Un formidabile urlo si levò, appena fu finita la lettura di questo documento. Un urlo frenetico che non indicava altra bramosia che di sangue. La narrazione ridestava il più feroce sentimento di vendetta di quel tempo, e in tutta la Francia non v'era una testa che potesse sostenerne l'impeto.

Poco importava, in presenza di quel tribunale e di quell'uditorio, mostrar come i Defarge non avessero pubblicato quella memoria, con gli altri cimeli della Bastiglia portati in processione, e l'avessero serbata, aspettando il loro tempo. Poco importava mostrare che il nome di quella detestata famiglia era stato da lungo tempo bandito da Sant'Antonio e contrassegnato nelle maglie del registro fatale. Contro una simile denuncia non c'erano virtù e meriti d'un uomo che potessero sostenerlo in quel luogo quel giorno.
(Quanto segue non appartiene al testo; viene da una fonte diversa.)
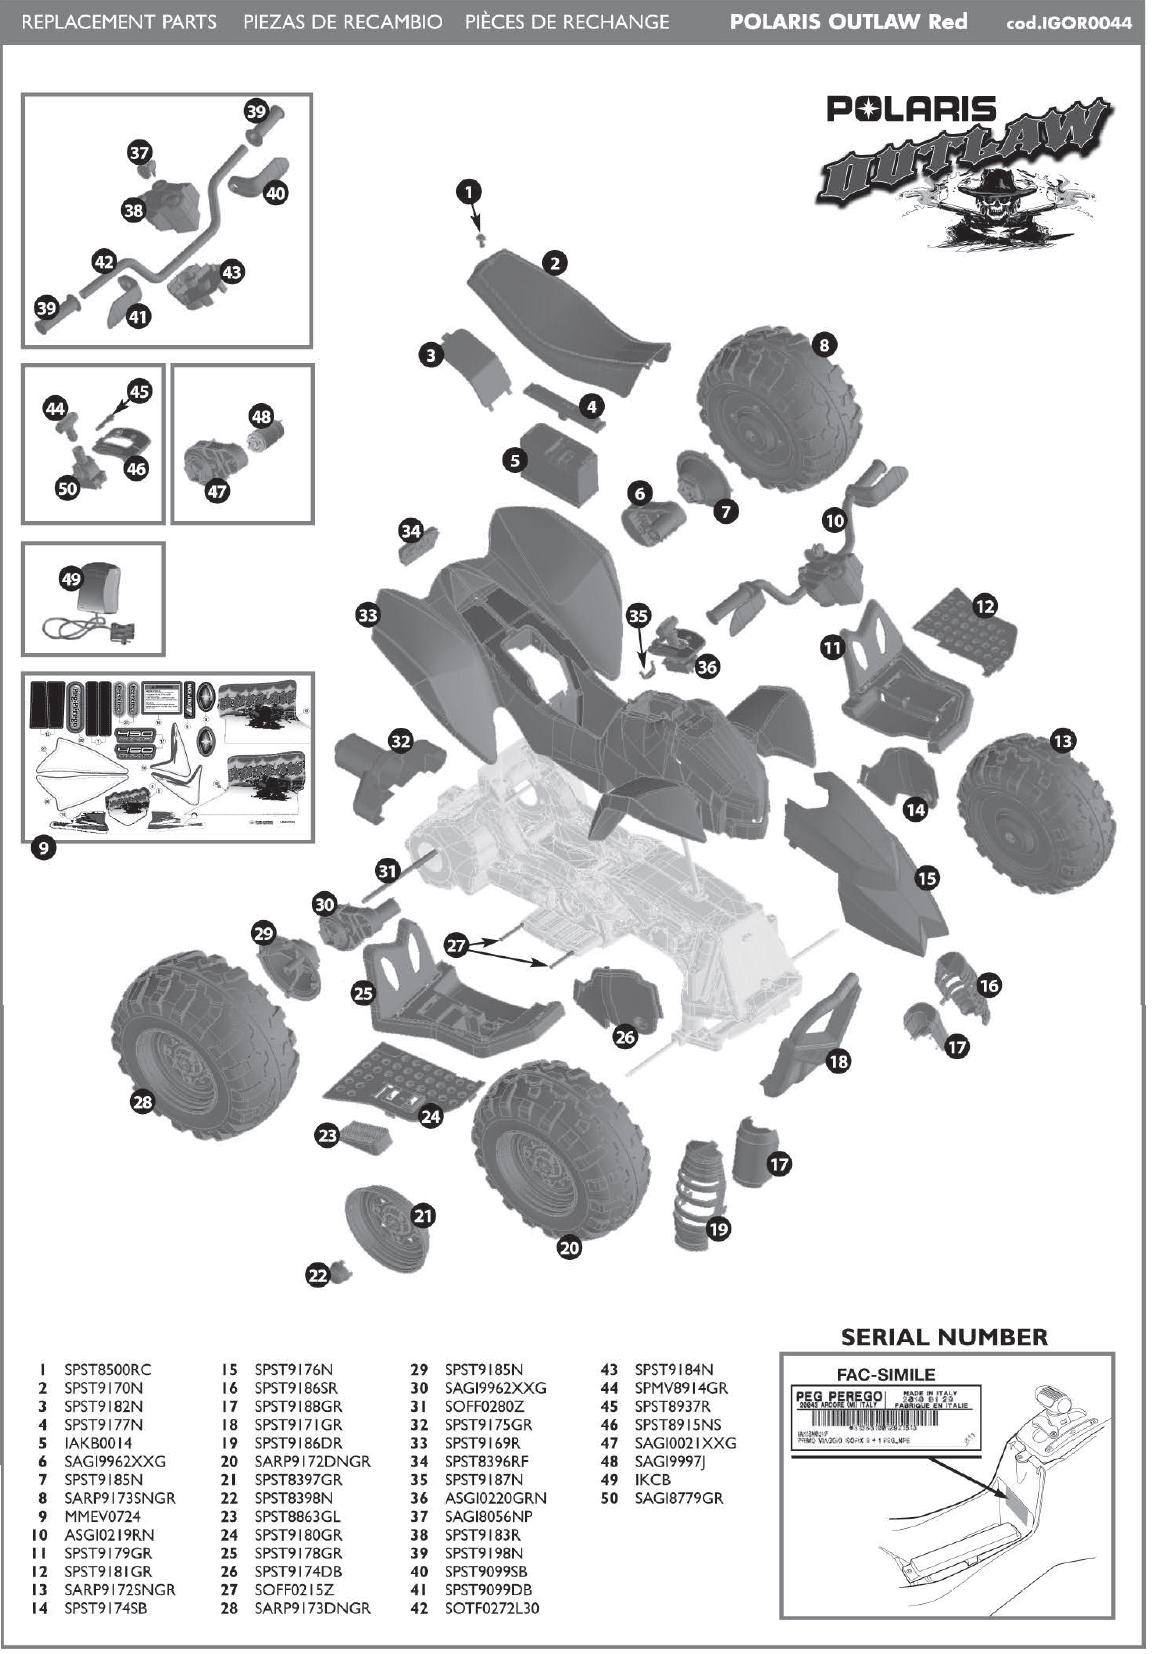 IGOR0044 parts diagram

E tanto peggio per il condannato che il denunciante fosse un cittadino ben noto, il suo più diletto amico, il padre di sua moglie. Una delle più esaltate aspirazioni della plebaglia era l'imitazione delle discutibili virtù civiche dell'antichità, il sacrificio e l'immolazione di sè stesso sull'altare della repubblica. Perciò quando il presidente disse (altrimenti anche la sua testa gli sarebbe tremata sulle spalle) che il buon medico della repubblica sarebbe diventato molto più benemerito della repubblica estirpando una nociva famiglia di aristocratici, e che senza dubbio avrebbe provato un sacro orgoglio e una sacra gioia facendo vedova la figlia e orfana la nipote, vi fu una selvaggia eccitazione di fervore patriottico e neppure un filo di umana simpatia.
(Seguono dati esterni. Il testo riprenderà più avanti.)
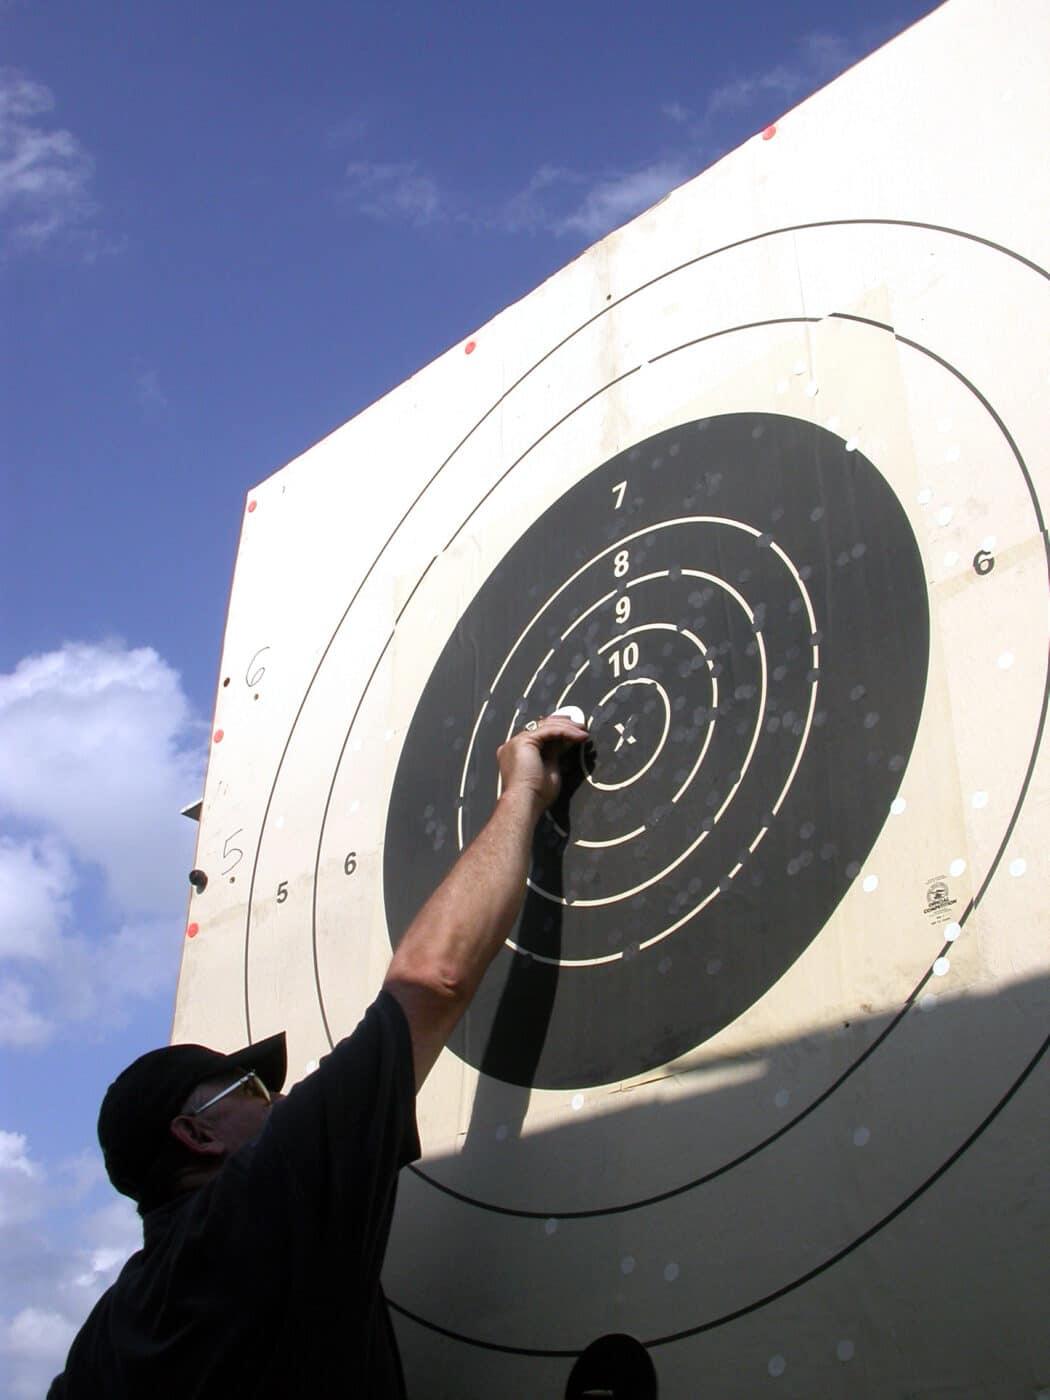 Long range target being scored

— Ha molta autorità intorno a lui il dottore? — mormorò madama Defarge, sorridendo alla Vendetta. — Salvatelo, ora, dottore mio, salvatelo.

Vi fu un rugghio a ogni voto dei giurati. Un altro voto, un altro voto. E sempre un frastuono più alto.

Condannato a unanimità. In cuore e per discendenza aristocratico, nemico della repubblica, notorio oppressore del popolo. Indietro alla Conciergerie, e morte fra ventiquattr'ore!